Увидев ее плачущей, старуха с неожиданной прытью, широким мужским шагом двинулась прочь. Повернулся было и я, чтобы не глазеть всуе на несчастного и больного, судя по всему, человека, но рыдания у меня за спиной были такими неистовыми, что я не удержался и обратился к горестно возвышавшейся надо мной одинокой фигуре с ничего не значащими словами утешения.

И вот мы сидим на скамейке, вокруг ни души, она успокаивается понемногу, но упорно не хочет отвечать на мои участливые расспросы.

Очень, очень странная особа…

— Валюша, ты дома?

— Дома, дома, скоро обедать будем.

— Ничего, если я к тебе на кухню забреду? Под ногами обещаю не путаться.

— Сядь в угол. Случилось что-нибудь?

— И нет, и да…

— Только, бога ради, не говори загадками!

— У меня состоялся очень… не простой разговор с одной поразительной особой…

— Ну?

— Вчера, тебя не было, раздался звонок. Беру трубку. Женский голос. Вы такой-то? Да. Писатель? Да. Здравствуйте, я ваша читательница, отношусь к вашим книгам с большим уважением… Словом, все, что в подобных случаях говорится. Я терпеливо слушаю, а она заявляет в конце своего монолога: мне надо поговорить с вами, очень надо… И умолкает. И я молчу, соображаю, как бы половчее отвертеться. Потом говорю, что не выхожу сейчас, неважно себя чувствую, а дома у нас ремонт и пригласить к себе…

— Этого еще не хватало!

— Спрашиваю, на всякий случай, откуда у нее номер нашего телефона. Отвечает, что дали в Союзе писателей.

— Любимое занятие! Им лишь бы отделаться.

— Ну почему же, в известном смысле они даже обязаны… Женщина начинает сыпать словами. Встретиться совершенно необходимо, она специально приехала издалека, дело не личное, сугубо важное, много времени она не отнимет…

— И ты размяк.

— Размяк не размяк, просто ее волнение передалось мне. И тут я вспомнил, что сегодня мне все равно надо побывать в Союзе, и подумал, что если это можно совместить… Словом, предложил ей прийти туда. Она сразу согласилась, сказала, что бросит все и станет ждать меня сколько понадобится, пока не освобожусь…

— Ну?



— Мы только что встречались. Моя ровесница примерно, ничем особенно не примечательна, утомленное, нервное лицо, невыразительное, некрасивое, но именно нервное… да, руки еще — крайне деятельные… Волновалась. Сперва даже не могла говорить связно. Потом сообщила, что молодость прожила в нашем городе, уехала по семейным обстоятельствам, что давно хотела выбраться, но все никак не получалось — билет на самолет дорого стоит, а у нее скромная зарплата. Теперь приехала в отпуск, чтобы решить наконец важное дело, исключительно важное… Я успокоил ее как мог, задал несколько самых общих вопросов, она оттаяла…

— И какое же у нее дело?

— А вот послушай, какое странное дело, какое странное… Ни с того ни с сего она спросила меня, как я думаю, окончательно ли умирает человек? Вот он скончался, допустим, так все ли кончается с погребением? Я решил было, что речь пойдет о бессмертии души, спросил осторожно, верующая ли она. Выяснилось, что в бога она не верит. «Тогда все было бы очень просто», — заявила она мне и вздрогнула, и лицо передернулось… Очень просто — как тебе нравится! Вопрос же свой она задала потому, что глубоко убеждена в одной истине: окончательная смерть наступает не тогда, когда человек умирает физически, а когда этот мир покидает последний из тех, кто знал его когда-то… Своеобразная эстафета…

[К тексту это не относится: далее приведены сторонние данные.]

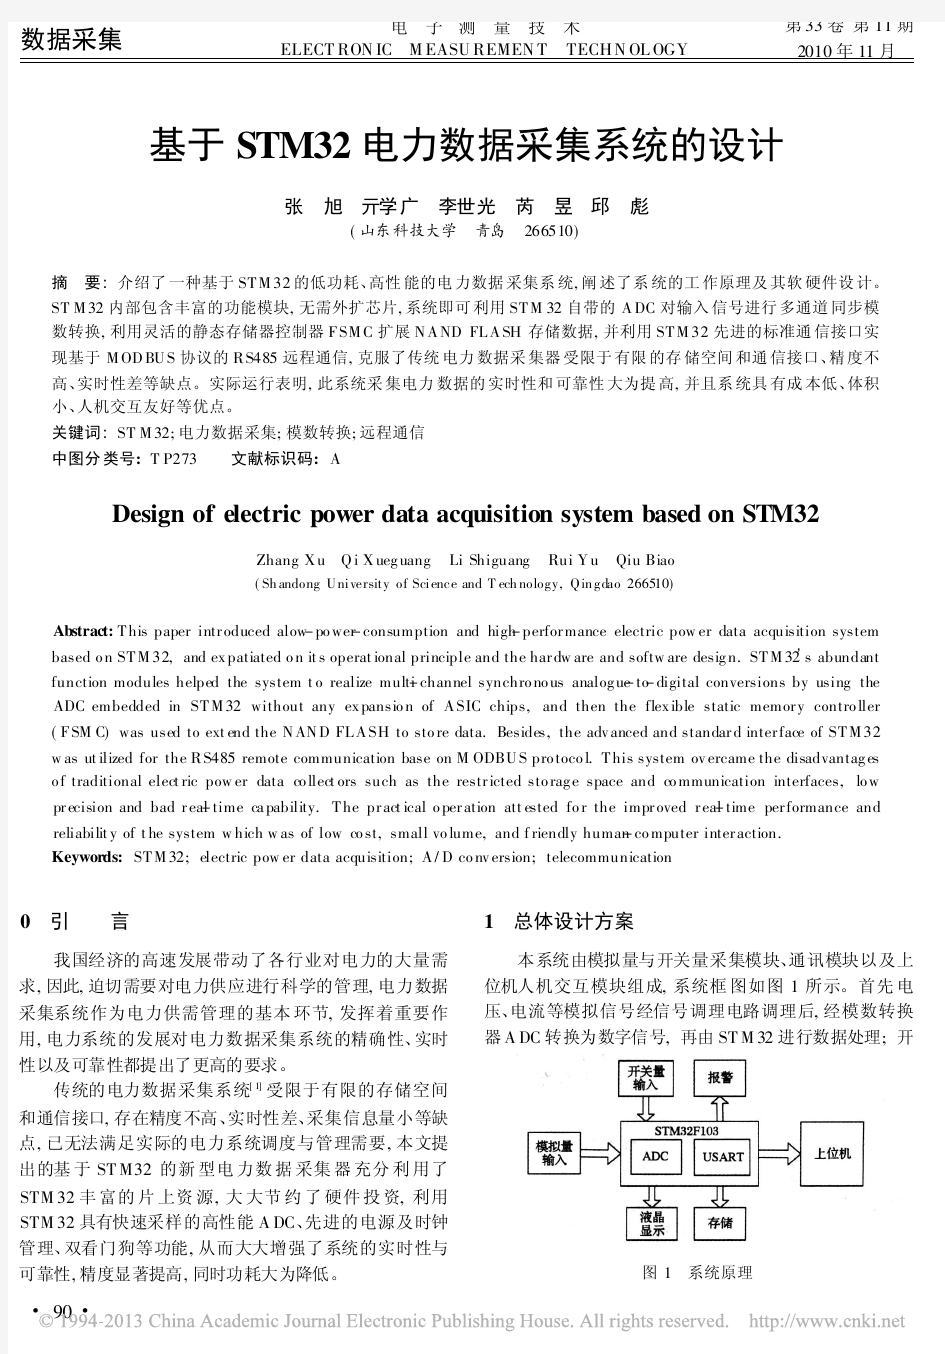 基于STM32电力数据采集系统的设计_张旭

— Повтори еще раз, я не совсем поняла.

— Есть много людей, с которыми мы не видимся годами — нет особой необходимости или желания, иногда нет возможности встретиться. Но мы помним о них… так же, в сущности, как помним о тех, кто не так давно ушел из жизни навсегда. Память, в этом смысле, материальна, для нее нет разницы — умер человек или уехал за тридевять земель; она сохраняет приблизительно его облик, его манеры, поступки…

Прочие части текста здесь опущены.